■ **MATERIAL FOR THIS TASK**
· · · ·

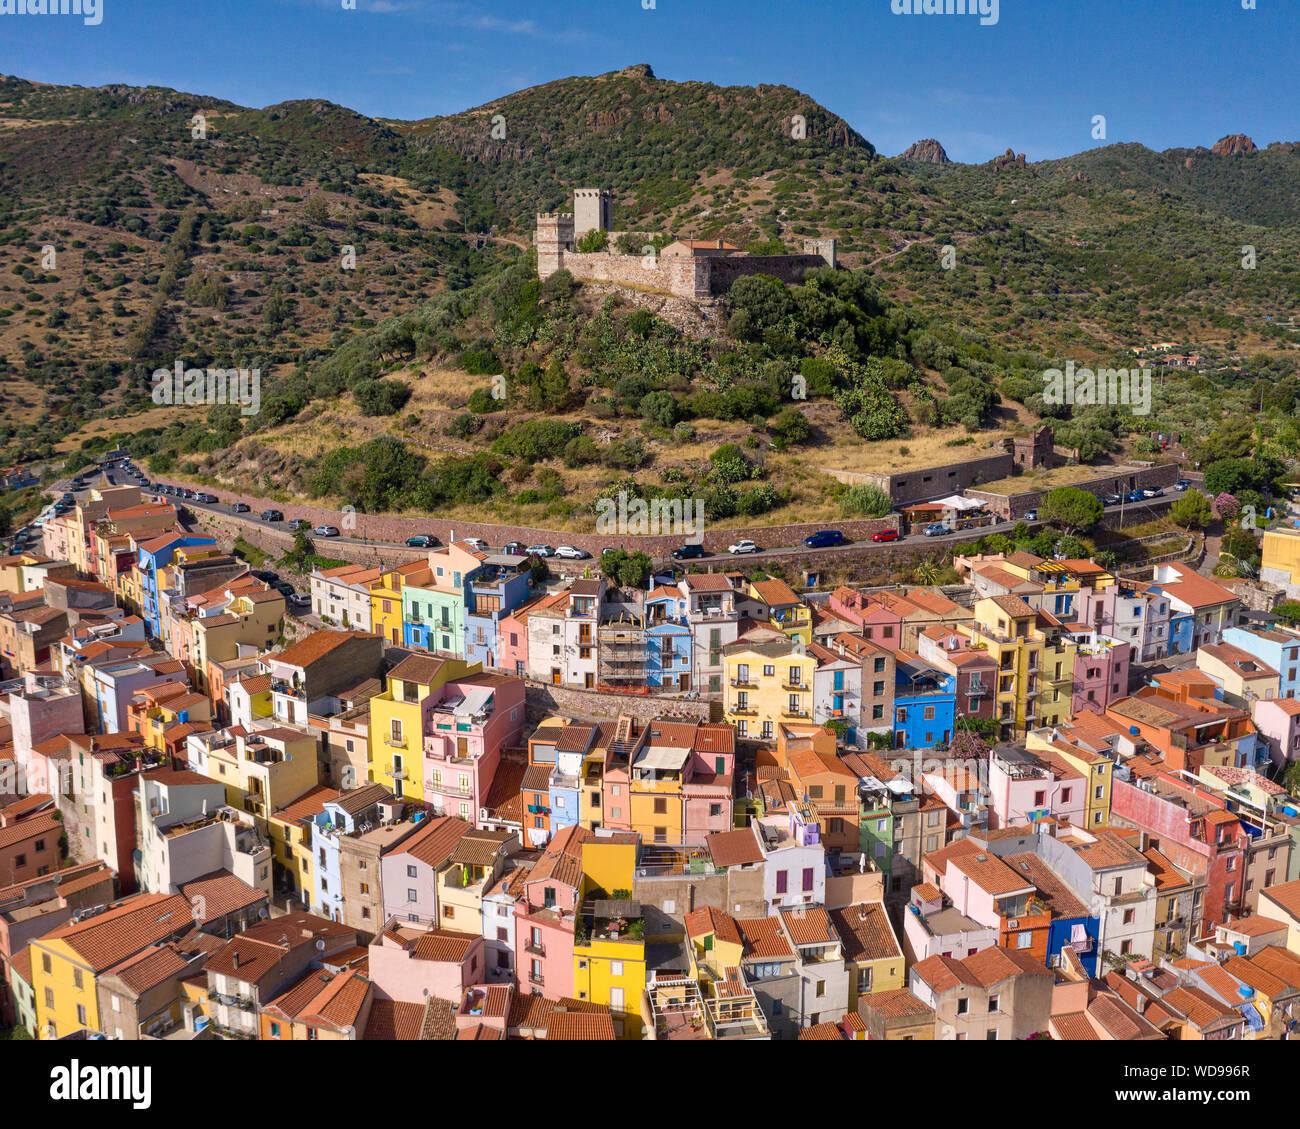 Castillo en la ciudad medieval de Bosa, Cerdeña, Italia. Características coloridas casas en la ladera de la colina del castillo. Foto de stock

· · · ·

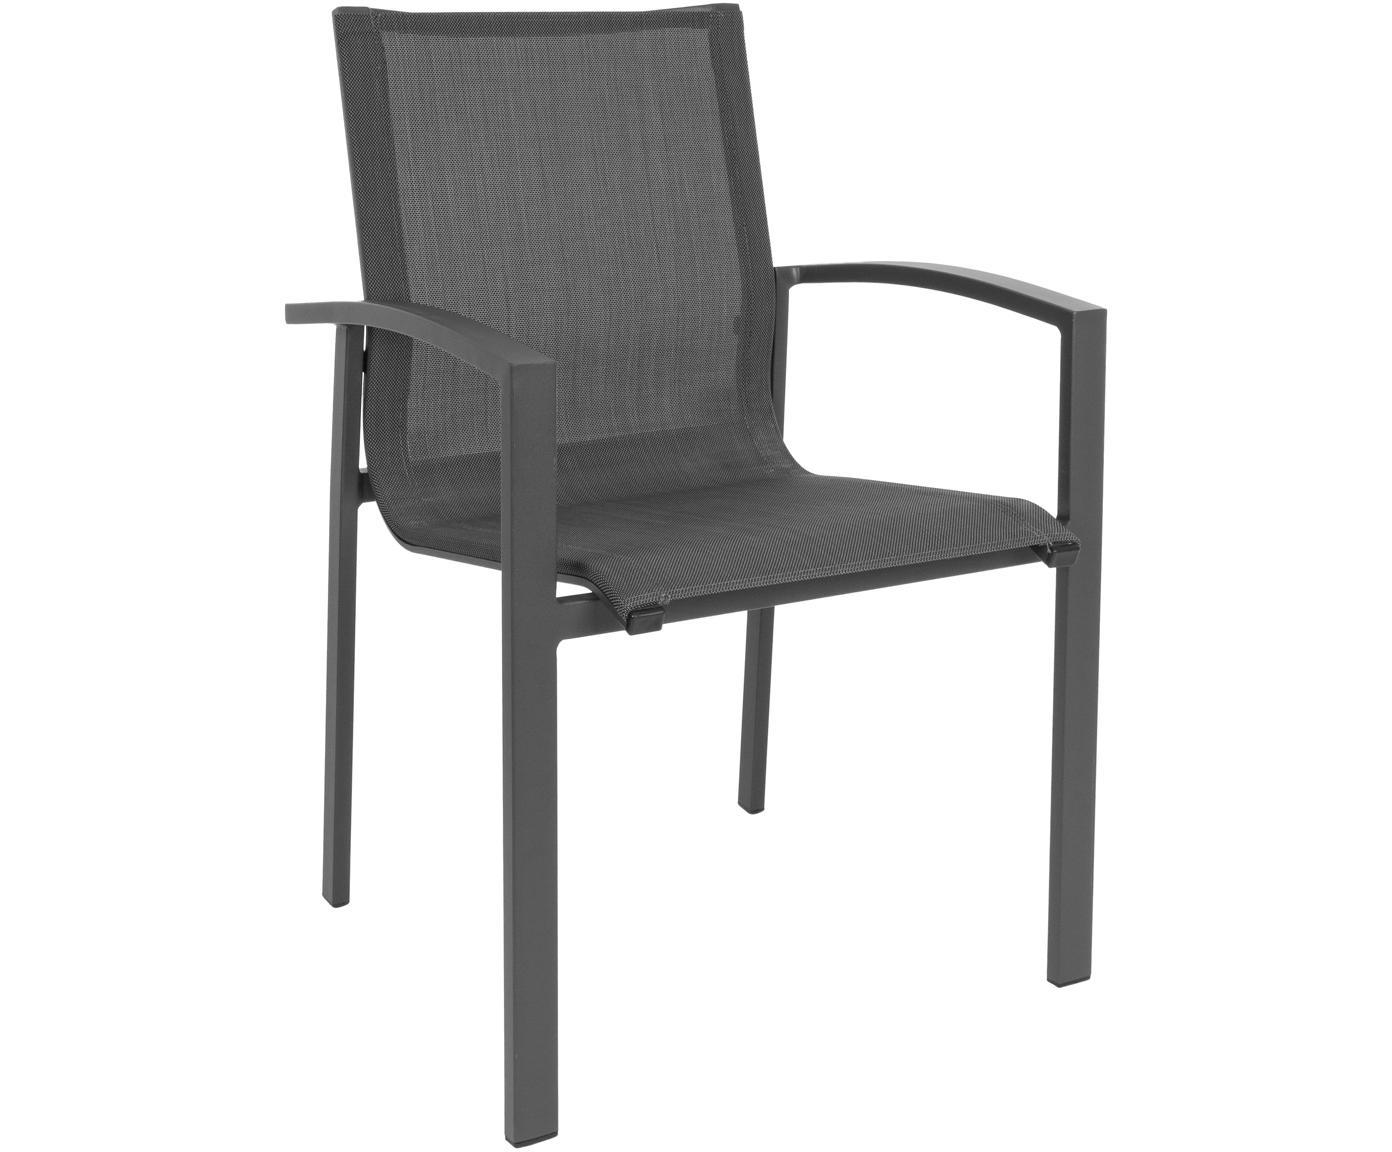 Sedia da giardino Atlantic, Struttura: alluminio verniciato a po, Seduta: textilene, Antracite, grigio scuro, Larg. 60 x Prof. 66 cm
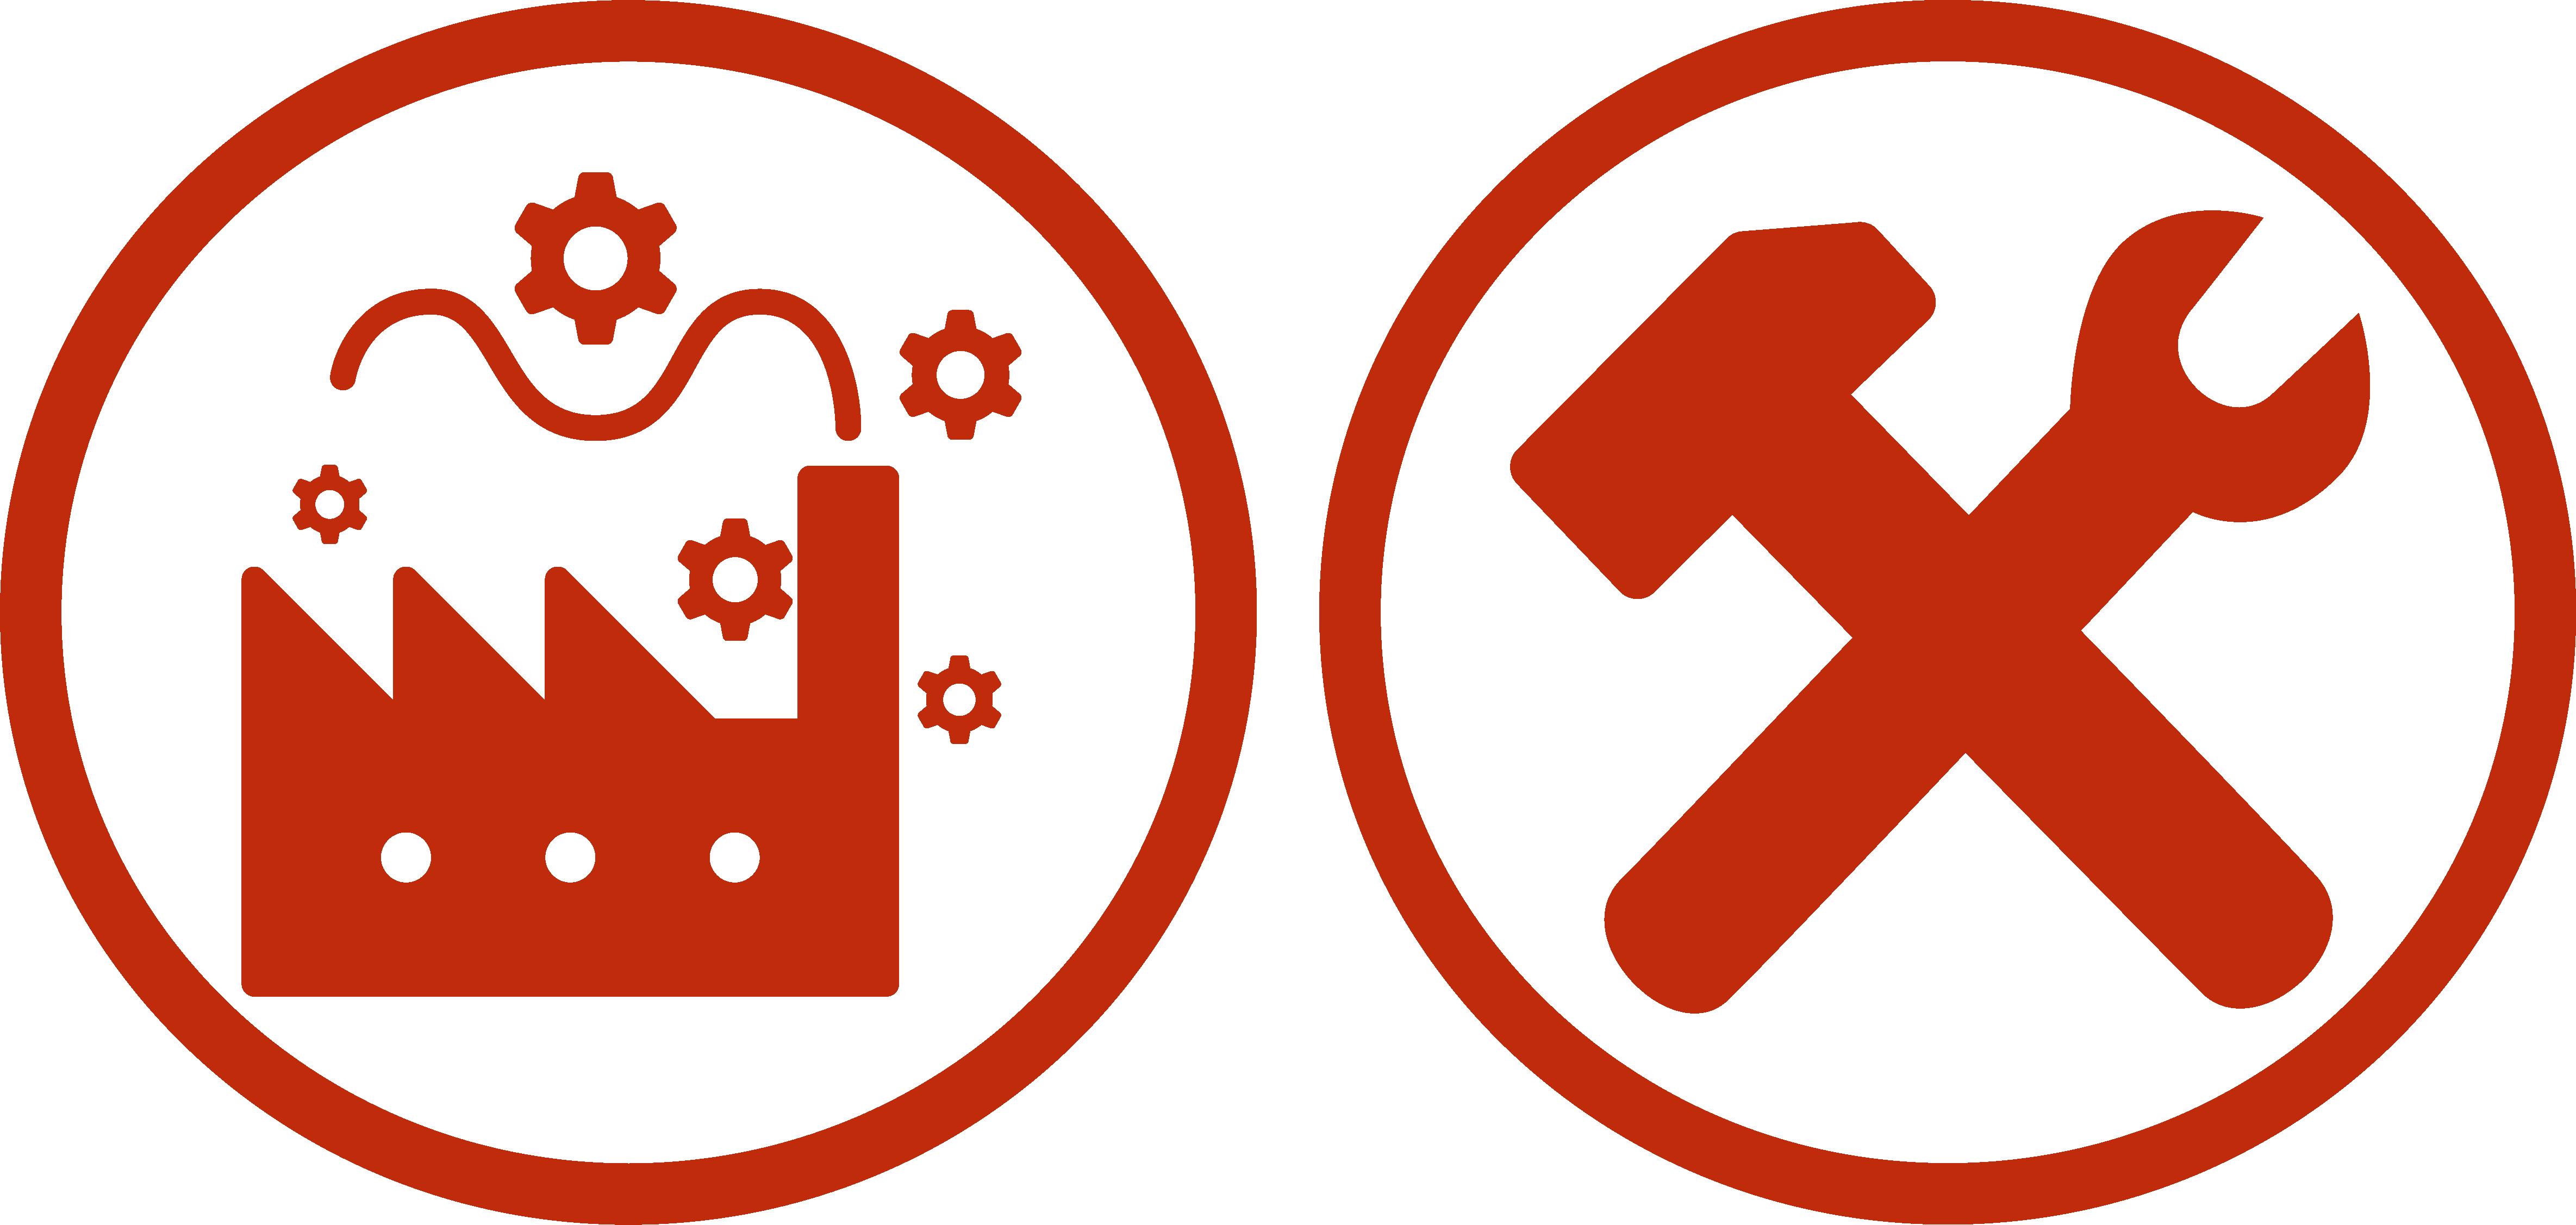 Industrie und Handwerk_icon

· · · ·

■ **PROBLEM REQUIREMENTS**
Quote the lines above exactly, starting with the one that has "Sedia da giardino" and ending with the one that has "Industrie und Handwerk_icon"; drop the pictures and include nothing else.

■ **RESPONSE TO THIS TASK**
 Sedia da giardino Atlantic, Struttura: alluminio verniciato a po, Seduta: textilene, Antracite, grigio scuro, Larg. 60 x Prof. 66 cm
 Industrie und Handwerk_icon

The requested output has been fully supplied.